Belle Fille and I, as I said, had more or less stopped having sex. Clinically, it was a sexless marriage – we had sex, but infrequently. After I caused pain in my marriage (I believe that’s how the politicians say it), we actually started having more sex. In fact, I’d say we’ve easily had more sex in the past month than we have in the past year (maybe twice as much).

In order to keep that up, I started shopping for sex toys. We’ve never used them in our lovemaking, though I’ve used them extensively prior to our marriage and even afterward during masturbation. As I clicked around Healthy & Active’s 14 categories of sex toys, I noticed they had one called “Misc. Sex Toys”. Seriously? They had fourteen categories of sex toys and still needed one for the miscellaneous stuff? I had to look.

After digging around in the medical devices (I’ve always had a doctor kink), I noticed a category called Chastity. It was as if someone lit a flare in my brain. I was instantly and profoundly aroused. I don’t recall ever seeing chastity devices before that moment and I can’t say I was too impressed with their assortment of three models, but the concept was powerfully stimulating. I asked the Google for more info and soon found myself on the wonderful Tickleberry site.

Now this is what I was looking for! They had great informational articles and beautiful photography and the gear they were selling was gorgeous. Not only was I able to explore a fascinating new kink, but the gadget geek in me was in heaven looking at the finely crafted stainless steel contraptions. And, even better, they were expensive. I started reading about Divine Domination and found myself unable to stop thinking about chastity and losing control over my ejaculation.

That night, after our regular conversation about our relationship, I decided to open myself up a little more to Belle than I ever had before.
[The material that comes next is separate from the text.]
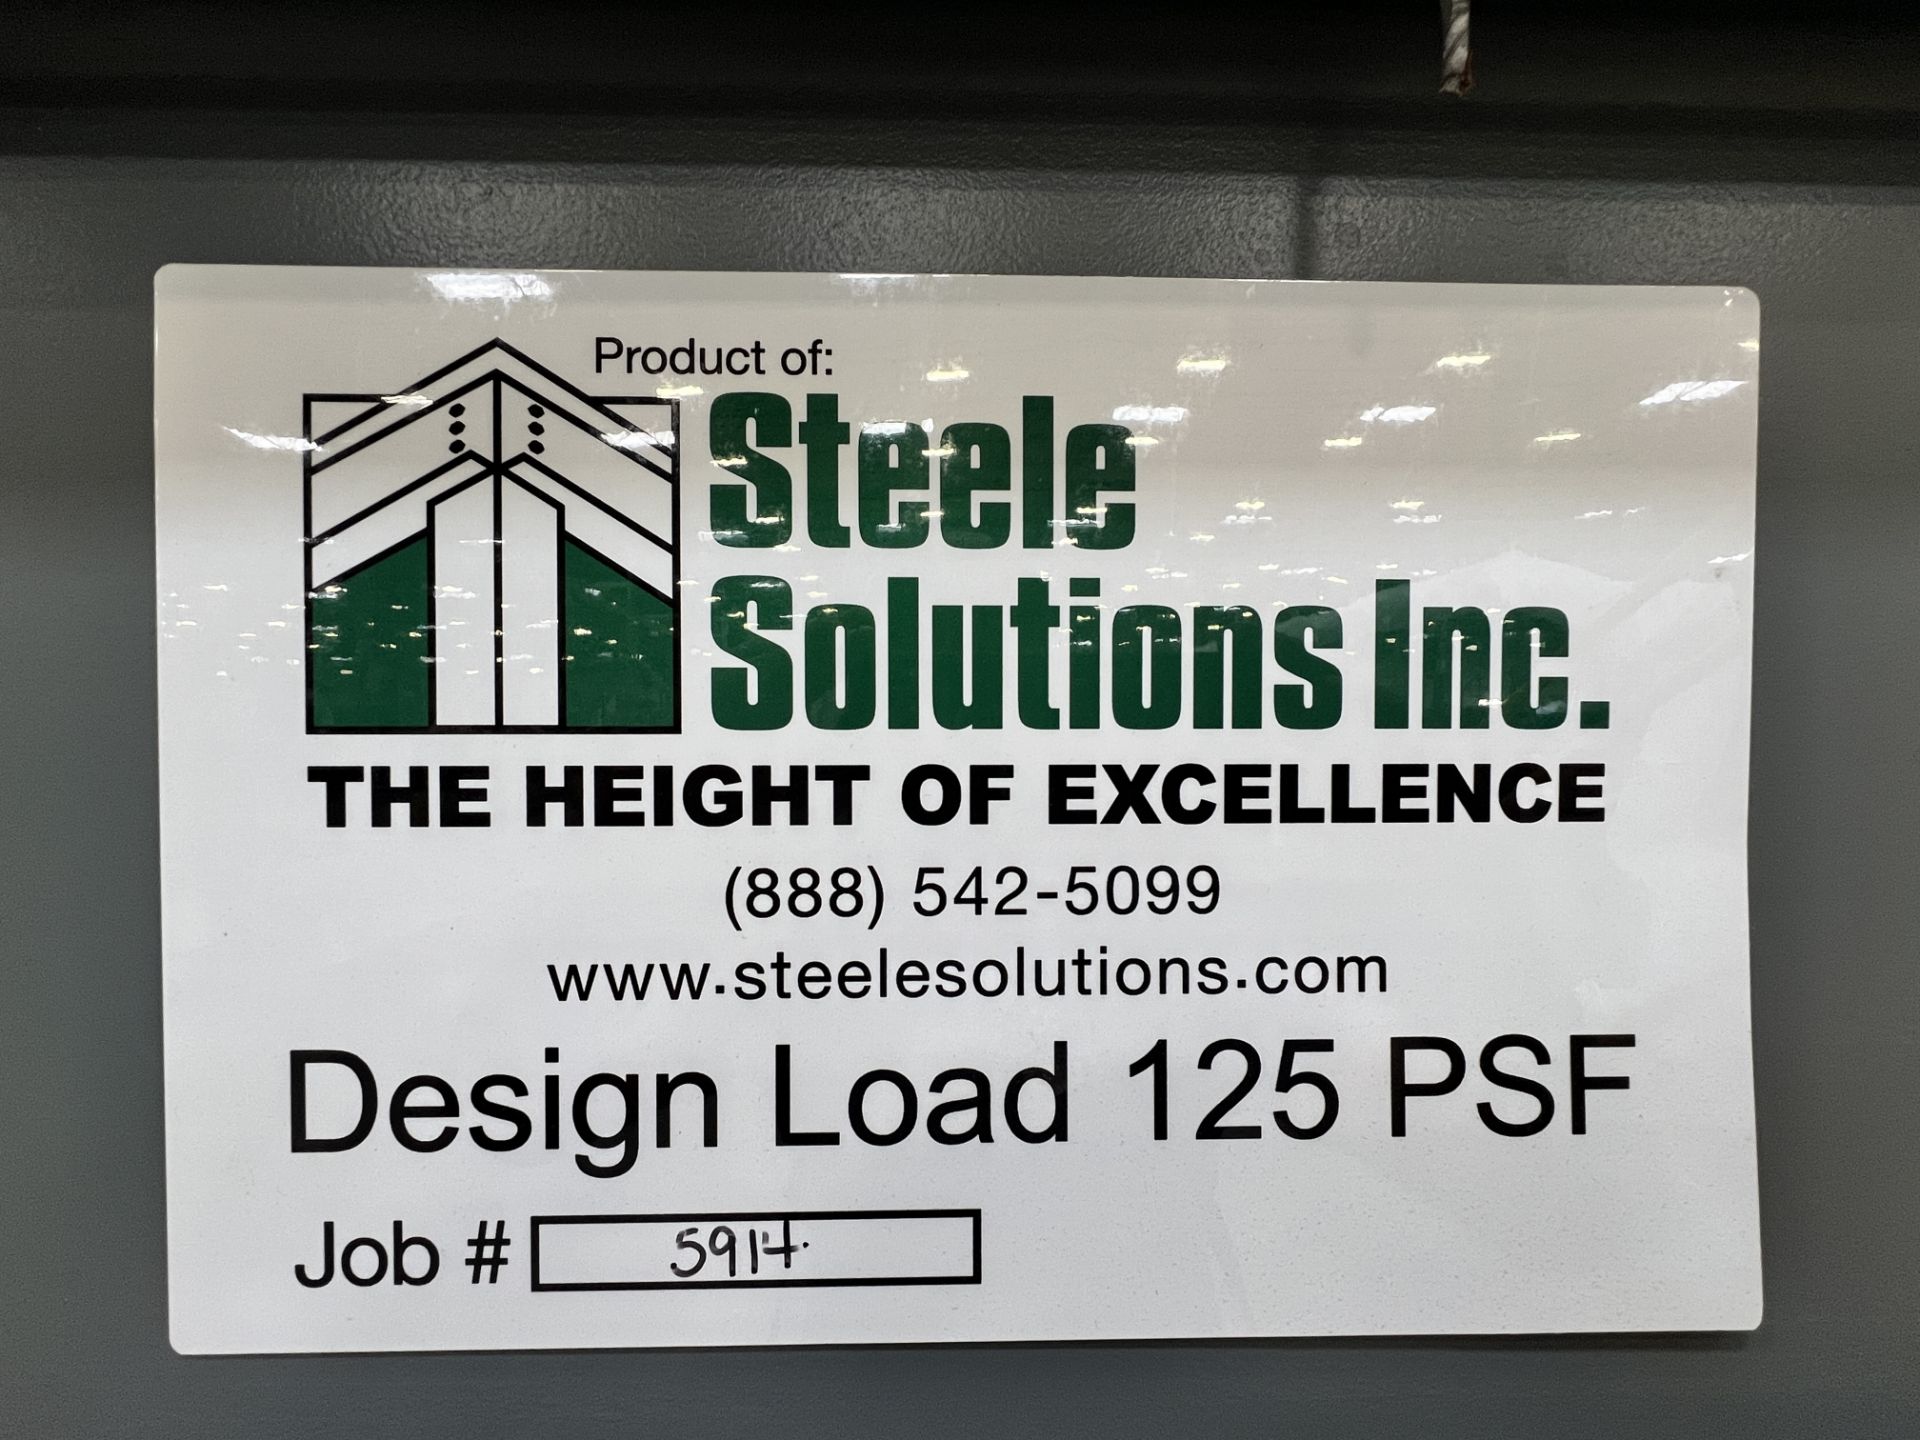 Steele Solutions Crossover - Image 6 of 11
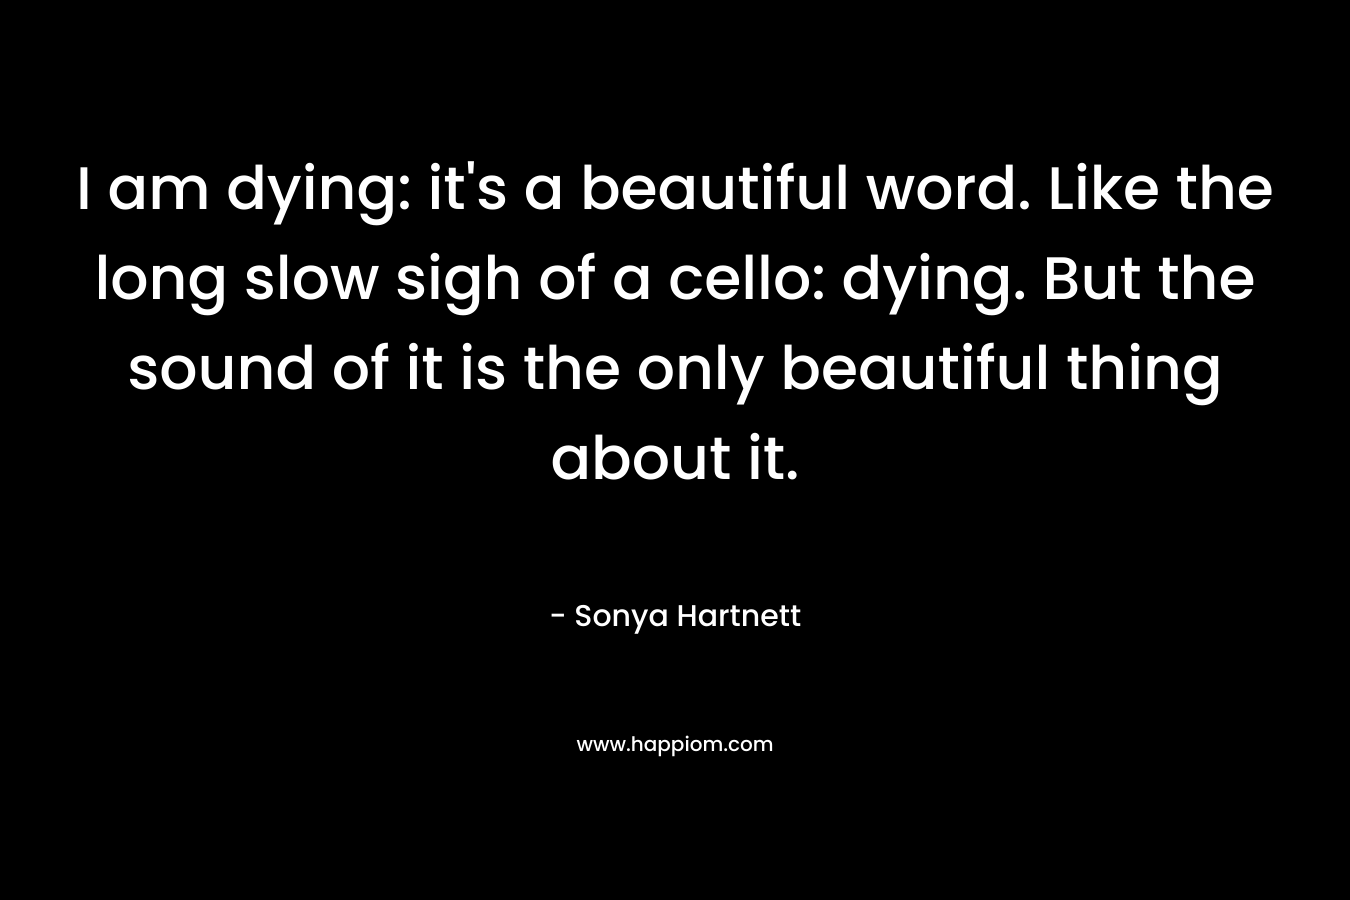 I am dying: it's a beautiful word. Like the long slow sigh of a cello: dying. But the sound of it is the only beautiful thing about it.

I showed her the Tickleberry site and the chastity items. My interest in them was quite evident. I’m very happy to say she did not close up upon seeing them. I can’t say she was as intrigued as I was (not by a long shot), but she also didn’t do or say anything to make me feel strange about getting turned on by it all.

Not having been snuffed out by a negative reaction from Belle, the little seed continued to germinate.